Jean Sibelius knew what he could and had to do. He composed a new work and organised a concert in November 1899, using the revenue from ticket sales to bolster the benevolent fund for journalists who had been deprived of their livelihood. The piece in question stretches to forty minutes and delights in the original title of Musiikkia Sanomalehdistön päivien juhlanäytäntöön. Never heard of it? Nor had I, not even in the English translation of Press Celebrations Music, though the last of the six tableaux is better known as a precursor to the composer’s most popular piece, Finlandia.
Full marks to Sakari Oramo and the BBC Symphony Orchestra for introducing us in this astonishingly late UK première to the protean germs of musical ideas from which the later symphonies developed. There was already more than a hint of the composer’s signature statements in the chirpy woodwind melodies and confident brass flourishes of the prelude. His individuality was equally present in the deep, earthy sounds and rhetorical flourishes of the second tableau (“The Finns are Baptised”), with striking dissonances and elements of chromaticism reminiscent of his contemporary Scriabin, as well as in the muted horns that conjured up a desolate landscape early in the fourth tableau (“The Finns in the Thirty Years War”). More surprising perhaps was the Spanish flavour evident in the third tableau (“Scene from Duke John’s Court”), to which in his sensitive shaping of these cosmopolitan influences Oramo added an unmistakeably Viennese lilt. The grounding of Sibelius in the German tradition found particular expression in the Wagner-like rumblings from the lower strings that built to a ferocious operatic climax in the fourth tableau and also in the mighty Brucknerian blasts of heavy brass in the following tableau (“The Great Hostility”).

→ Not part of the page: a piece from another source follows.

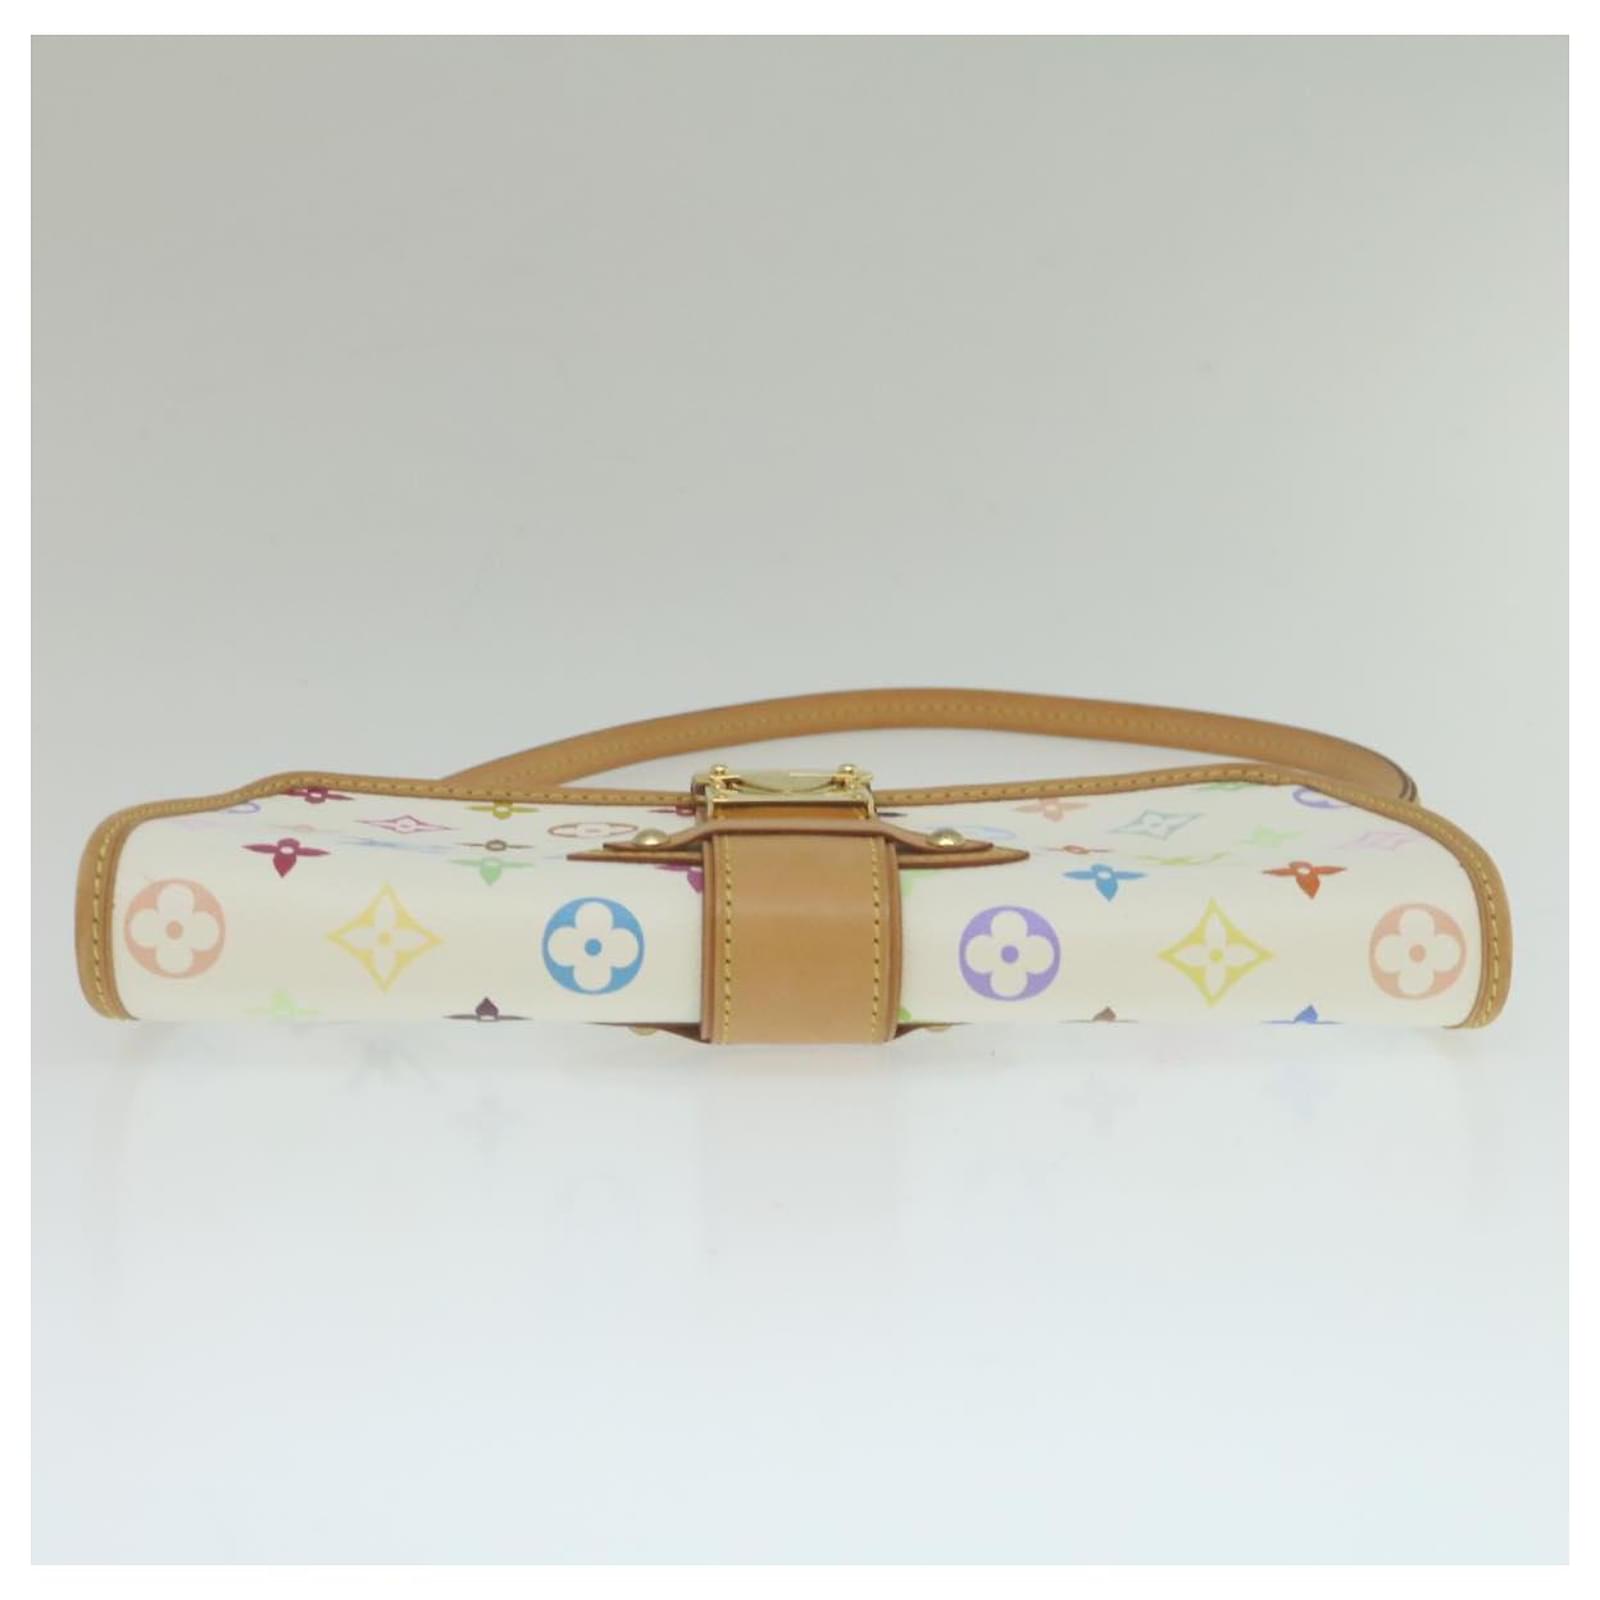 Auth Louis Vuitton M40049 Monogram Multicolor Shirley Shoulder Bag

Throughout Oramo conducted with palpable passion and commitment and he was rewarded with incisive and assured playing from the BBCSO. However, it is a work in which the composer’s teeming ideas do not yet emerge fully-formed, and given that in the Barbican the sound can easily acquire a slightly strident edge there was occasionally an uncomfortable over-presence of the brass. Oramo has been winning plaudits from many quarters for the quality of the playing in his current Sibelius cycle and this concert underlined that achievement, most apparent to me in the depth and tonal richness of the strings. If I do have a slight niggle, it was the failure to achieve a hushed but full pianissimo in those passages that cry out for such contrasts, for instance in the lyrical intermezzo of the final tableau (“Finland Awakes”) as well as in the slow movement of the First Symphony that occupied the second half.